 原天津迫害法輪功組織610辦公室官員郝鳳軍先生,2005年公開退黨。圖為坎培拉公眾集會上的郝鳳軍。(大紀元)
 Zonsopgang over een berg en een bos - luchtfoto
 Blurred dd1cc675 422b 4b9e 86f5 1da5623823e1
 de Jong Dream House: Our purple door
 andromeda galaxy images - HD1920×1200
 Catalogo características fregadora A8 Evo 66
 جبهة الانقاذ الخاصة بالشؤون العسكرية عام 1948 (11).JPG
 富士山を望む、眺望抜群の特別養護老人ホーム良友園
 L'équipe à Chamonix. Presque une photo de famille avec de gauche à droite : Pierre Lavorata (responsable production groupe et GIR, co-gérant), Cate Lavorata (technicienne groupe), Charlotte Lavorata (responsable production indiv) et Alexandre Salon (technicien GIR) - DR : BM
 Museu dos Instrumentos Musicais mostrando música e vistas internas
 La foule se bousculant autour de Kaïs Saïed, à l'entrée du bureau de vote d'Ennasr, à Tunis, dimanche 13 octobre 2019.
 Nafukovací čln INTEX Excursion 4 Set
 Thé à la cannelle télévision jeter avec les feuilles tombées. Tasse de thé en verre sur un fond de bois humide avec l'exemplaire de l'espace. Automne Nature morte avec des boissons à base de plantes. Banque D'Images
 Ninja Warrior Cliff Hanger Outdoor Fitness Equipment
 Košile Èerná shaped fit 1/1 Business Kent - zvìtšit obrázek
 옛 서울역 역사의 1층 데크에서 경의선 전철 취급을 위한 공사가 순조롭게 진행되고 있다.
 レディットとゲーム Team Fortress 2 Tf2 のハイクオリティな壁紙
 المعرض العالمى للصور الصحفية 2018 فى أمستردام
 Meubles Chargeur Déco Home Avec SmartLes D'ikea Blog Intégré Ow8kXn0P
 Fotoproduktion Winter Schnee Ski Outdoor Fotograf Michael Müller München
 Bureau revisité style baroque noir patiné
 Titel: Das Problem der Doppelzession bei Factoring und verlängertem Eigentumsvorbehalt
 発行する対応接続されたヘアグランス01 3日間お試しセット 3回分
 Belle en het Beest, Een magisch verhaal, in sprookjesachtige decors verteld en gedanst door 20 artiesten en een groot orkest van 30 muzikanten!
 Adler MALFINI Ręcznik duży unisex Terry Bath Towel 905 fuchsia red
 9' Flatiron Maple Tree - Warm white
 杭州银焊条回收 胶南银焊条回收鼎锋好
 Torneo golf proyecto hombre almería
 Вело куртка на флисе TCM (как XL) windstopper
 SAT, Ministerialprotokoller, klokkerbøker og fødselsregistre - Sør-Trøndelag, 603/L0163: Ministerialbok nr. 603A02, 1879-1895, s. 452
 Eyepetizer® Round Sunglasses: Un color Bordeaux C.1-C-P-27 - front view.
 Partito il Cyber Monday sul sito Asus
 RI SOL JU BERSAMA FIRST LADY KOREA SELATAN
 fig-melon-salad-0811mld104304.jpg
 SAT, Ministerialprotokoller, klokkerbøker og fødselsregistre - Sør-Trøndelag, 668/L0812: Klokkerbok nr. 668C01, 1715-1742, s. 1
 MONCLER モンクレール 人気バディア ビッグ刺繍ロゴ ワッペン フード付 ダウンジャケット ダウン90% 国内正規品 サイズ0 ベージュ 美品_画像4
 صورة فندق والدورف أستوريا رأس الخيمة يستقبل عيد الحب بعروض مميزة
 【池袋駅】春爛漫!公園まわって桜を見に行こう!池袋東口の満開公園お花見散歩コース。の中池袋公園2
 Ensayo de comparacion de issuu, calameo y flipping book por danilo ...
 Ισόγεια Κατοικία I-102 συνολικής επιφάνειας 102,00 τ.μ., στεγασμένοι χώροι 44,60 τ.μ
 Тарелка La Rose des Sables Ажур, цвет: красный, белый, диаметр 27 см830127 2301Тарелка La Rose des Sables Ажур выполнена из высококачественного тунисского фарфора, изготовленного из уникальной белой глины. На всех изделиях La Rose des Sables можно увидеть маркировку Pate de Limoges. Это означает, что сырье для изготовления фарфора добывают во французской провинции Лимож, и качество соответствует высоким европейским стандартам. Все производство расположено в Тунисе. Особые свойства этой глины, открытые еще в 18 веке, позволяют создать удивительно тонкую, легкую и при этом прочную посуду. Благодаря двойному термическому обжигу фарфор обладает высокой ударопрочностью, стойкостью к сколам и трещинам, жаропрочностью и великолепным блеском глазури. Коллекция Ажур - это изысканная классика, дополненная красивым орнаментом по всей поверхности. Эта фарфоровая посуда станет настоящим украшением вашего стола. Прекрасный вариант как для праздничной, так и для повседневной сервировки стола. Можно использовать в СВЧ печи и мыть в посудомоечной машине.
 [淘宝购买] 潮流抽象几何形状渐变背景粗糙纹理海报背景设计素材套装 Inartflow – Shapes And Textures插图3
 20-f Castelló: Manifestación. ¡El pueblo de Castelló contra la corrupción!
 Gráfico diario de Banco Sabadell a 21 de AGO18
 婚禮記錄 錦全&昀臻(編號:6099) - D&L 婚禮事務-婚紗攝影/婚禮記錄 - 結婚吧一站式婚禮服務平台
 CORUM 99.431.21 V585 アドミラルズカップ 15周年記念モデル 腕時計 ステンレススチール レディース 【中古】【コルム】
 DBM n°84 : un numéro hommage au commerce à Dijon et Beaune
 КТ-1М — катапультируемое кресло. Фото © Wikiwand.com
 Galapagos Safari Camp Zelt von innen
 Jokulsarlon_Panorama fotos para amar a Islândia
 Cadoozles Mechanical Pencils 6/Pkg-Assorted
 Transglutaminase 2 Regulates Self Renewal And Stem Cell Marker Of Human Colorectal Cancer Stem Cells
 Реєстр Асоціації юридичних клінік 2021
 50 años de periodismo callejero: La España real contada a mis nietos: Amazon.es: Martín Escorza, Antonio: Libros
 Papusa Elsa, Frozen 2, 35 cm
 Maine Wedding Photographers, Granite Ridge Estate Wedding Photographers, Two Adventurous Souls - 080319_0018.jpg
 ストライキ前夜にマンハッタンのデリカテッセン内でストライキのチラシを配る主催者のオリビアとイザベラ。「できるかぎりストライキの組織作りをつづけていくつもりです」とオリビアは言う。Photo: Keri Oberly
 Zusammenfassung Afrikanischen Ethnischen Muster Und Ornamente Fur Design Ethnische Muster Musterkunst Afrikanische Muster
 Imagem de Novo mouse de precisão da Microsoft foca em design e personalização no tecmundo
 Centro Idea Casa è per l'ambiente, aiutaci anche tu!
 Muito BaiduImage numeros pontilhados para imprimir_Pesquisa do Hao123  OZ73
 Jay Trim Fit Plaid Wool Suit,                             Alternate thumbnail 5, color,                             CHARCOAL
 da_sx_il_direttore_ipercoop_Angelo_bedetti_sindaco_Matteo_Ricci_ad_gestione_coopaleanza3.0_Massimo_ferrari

-*-

Whenever the word "Outdoor" occurs in a line above, copy that line.

 Ninja Warrior Cliff Hanger Outdoor Fitness Equipment
 Fotoproduktion Winter Schnee Ski Outdoor Fotograf Michael Müller München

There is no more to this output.